■ Given data
════════════════

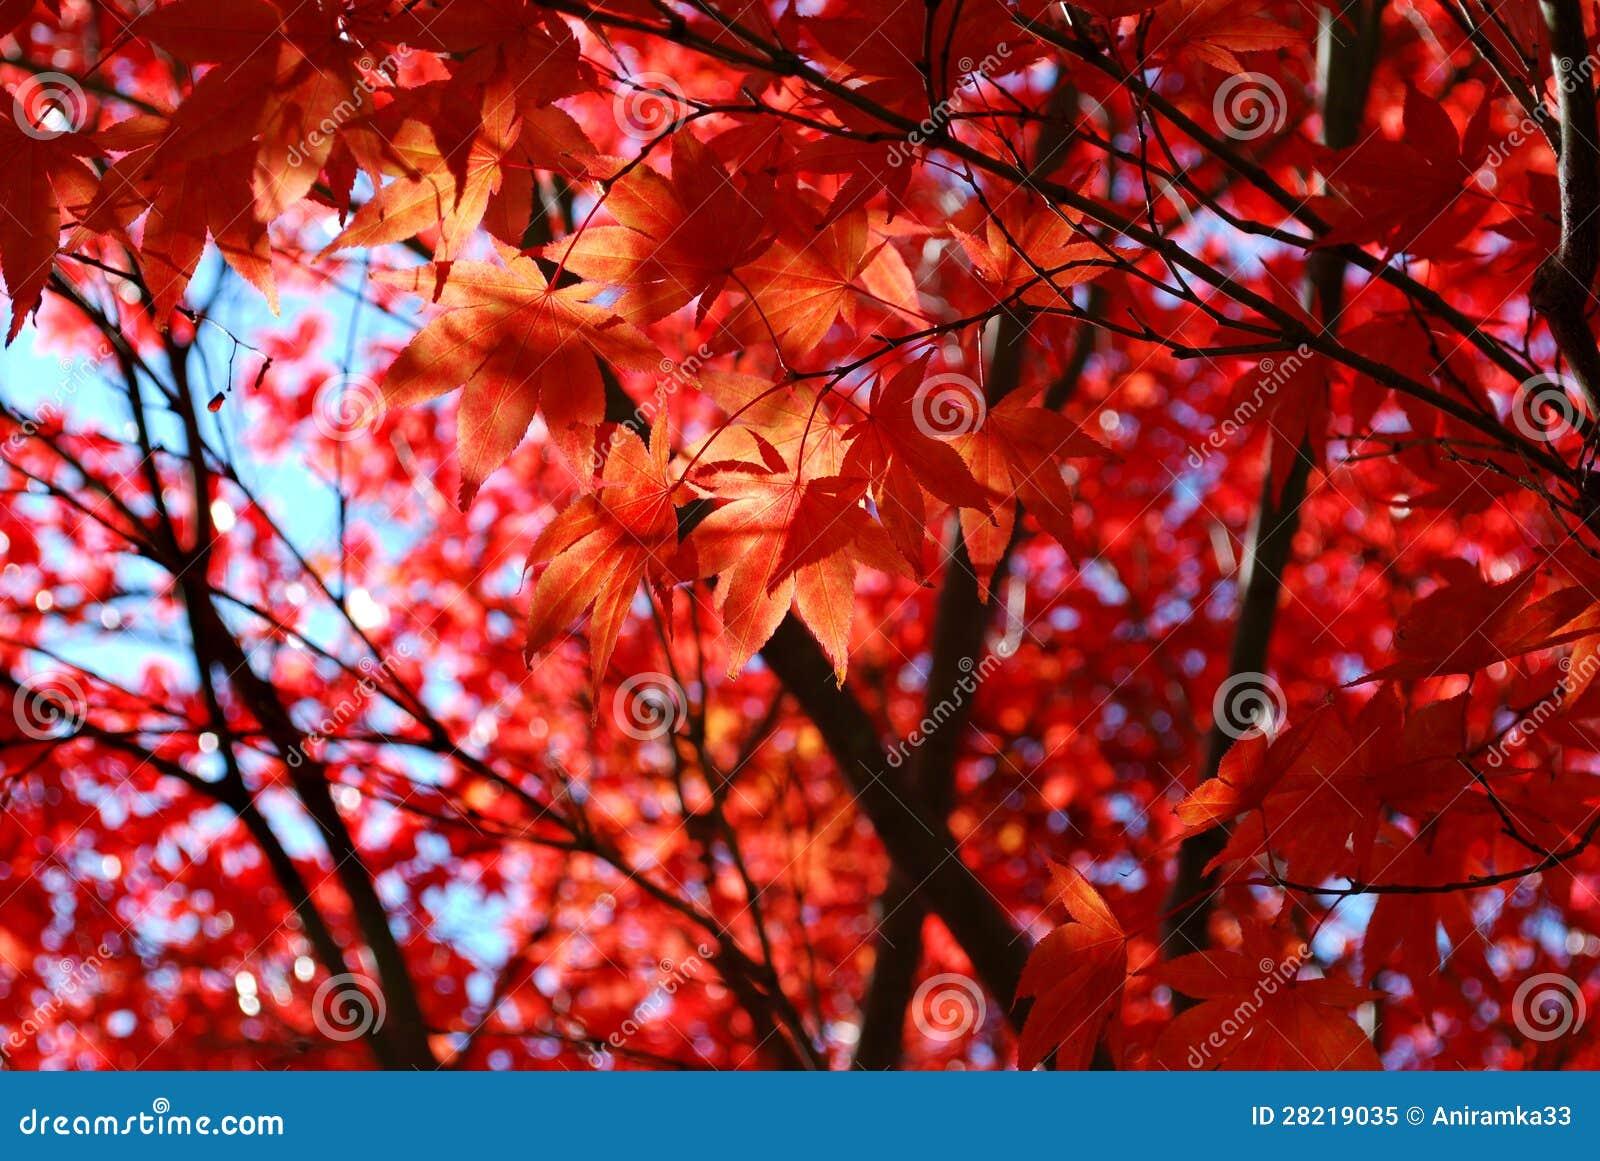 Follaje rojo del arce japonés
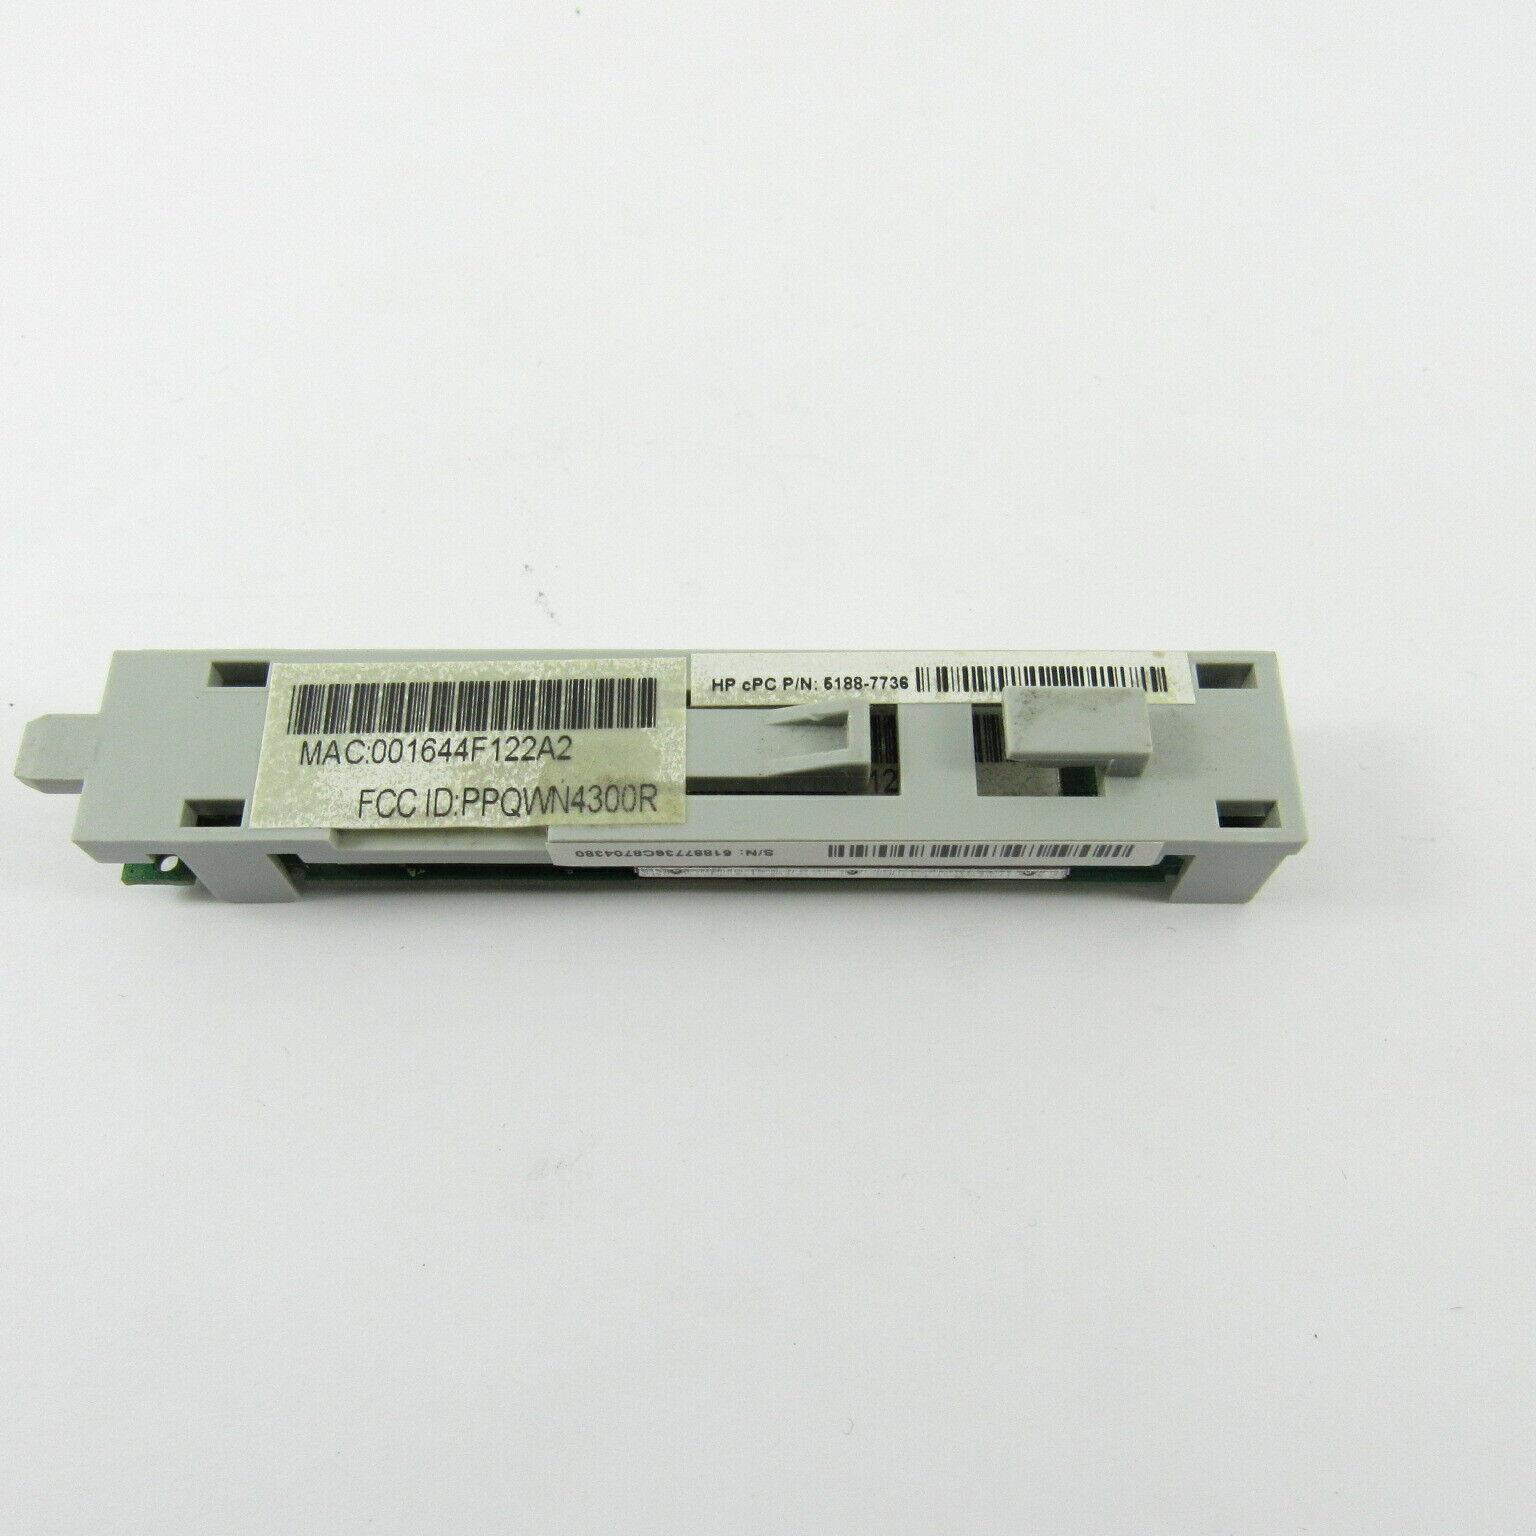 USB 2.0 Wireless WiFi Lan Card for HP-Compaq Pavilion Slimline S5570t
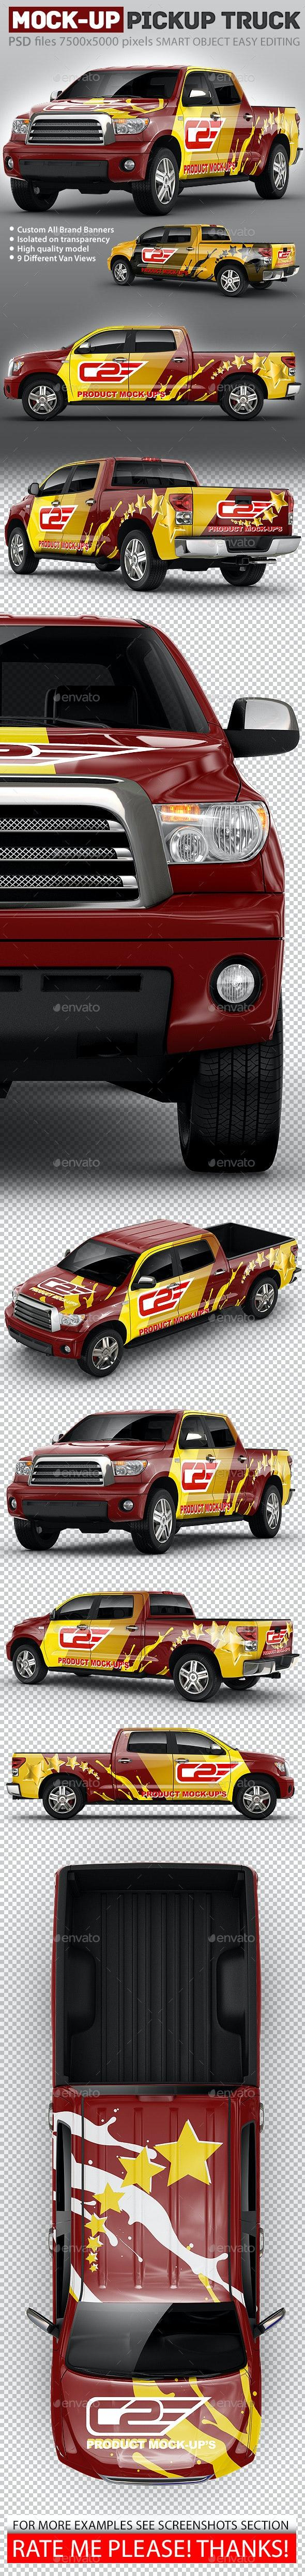 Pickup Mock-Up based on truck Toyota Tundra Crewmax - Vehicle Wraps Print
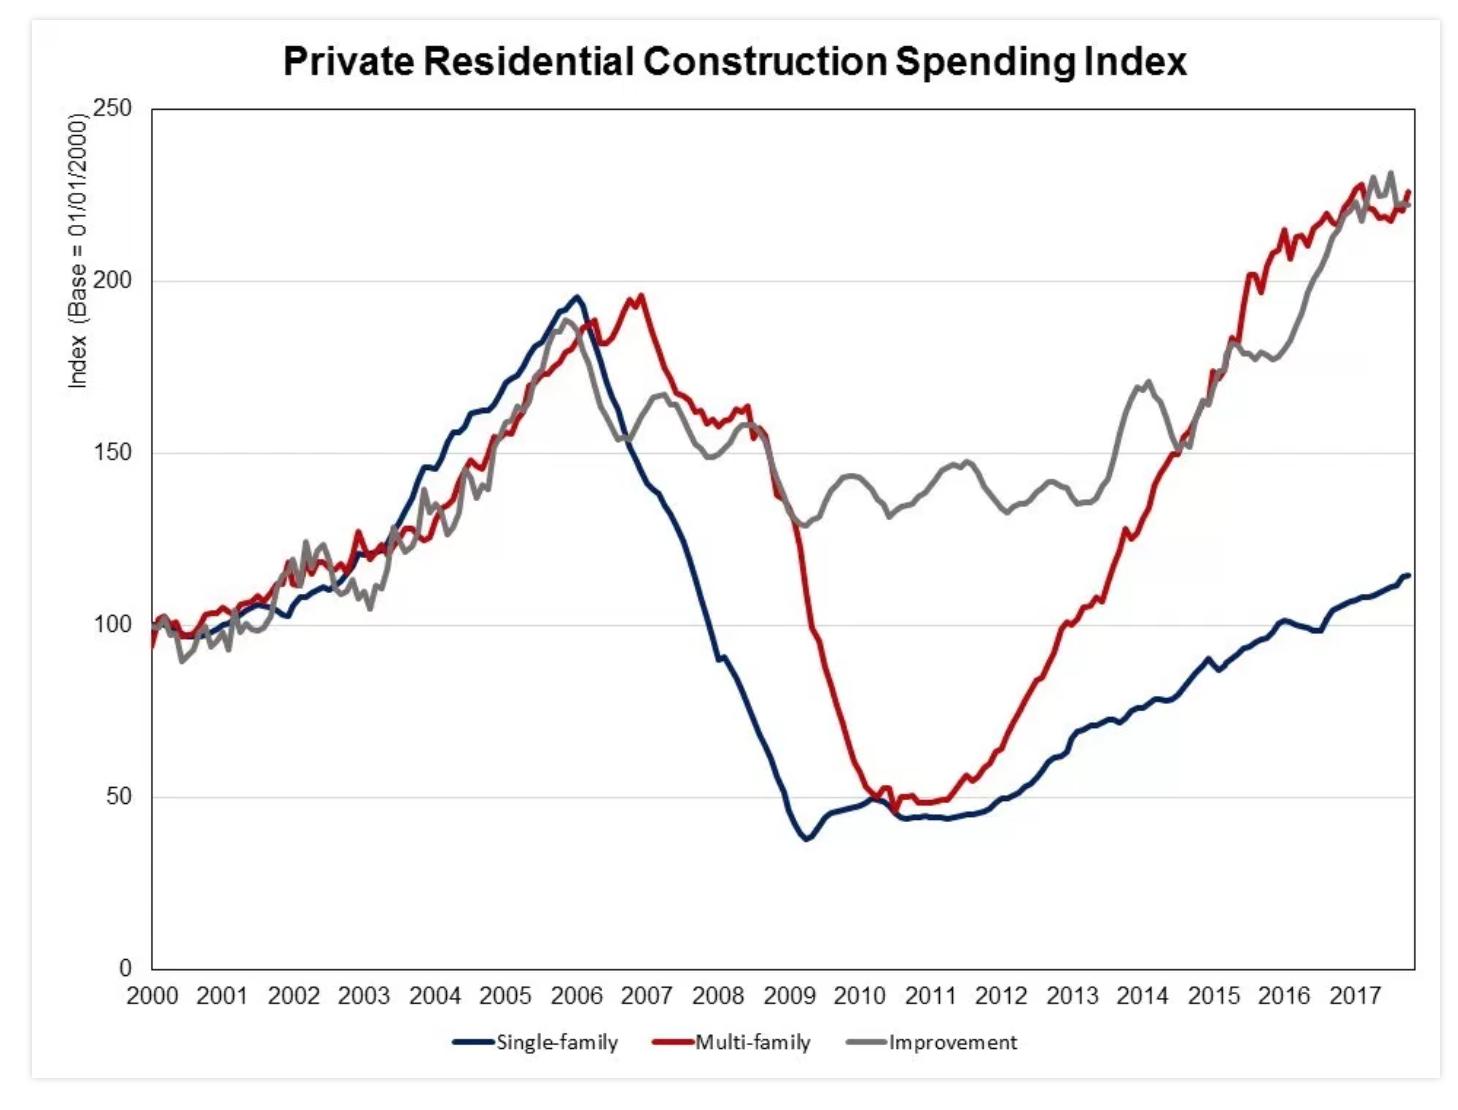 Source: National Association of Homebuilders

════════════════

■ Task details
Your answer must be an exact copy of the lines from the one with "Pickup Mock-Up based" through the final line of the data, both included, without any pictures.

■ Solution below
 Pickup Mock-Up based on truck Toyota Tundra Crewmax - Vehicle Wraps Print
 Source: National Association of Homebuilders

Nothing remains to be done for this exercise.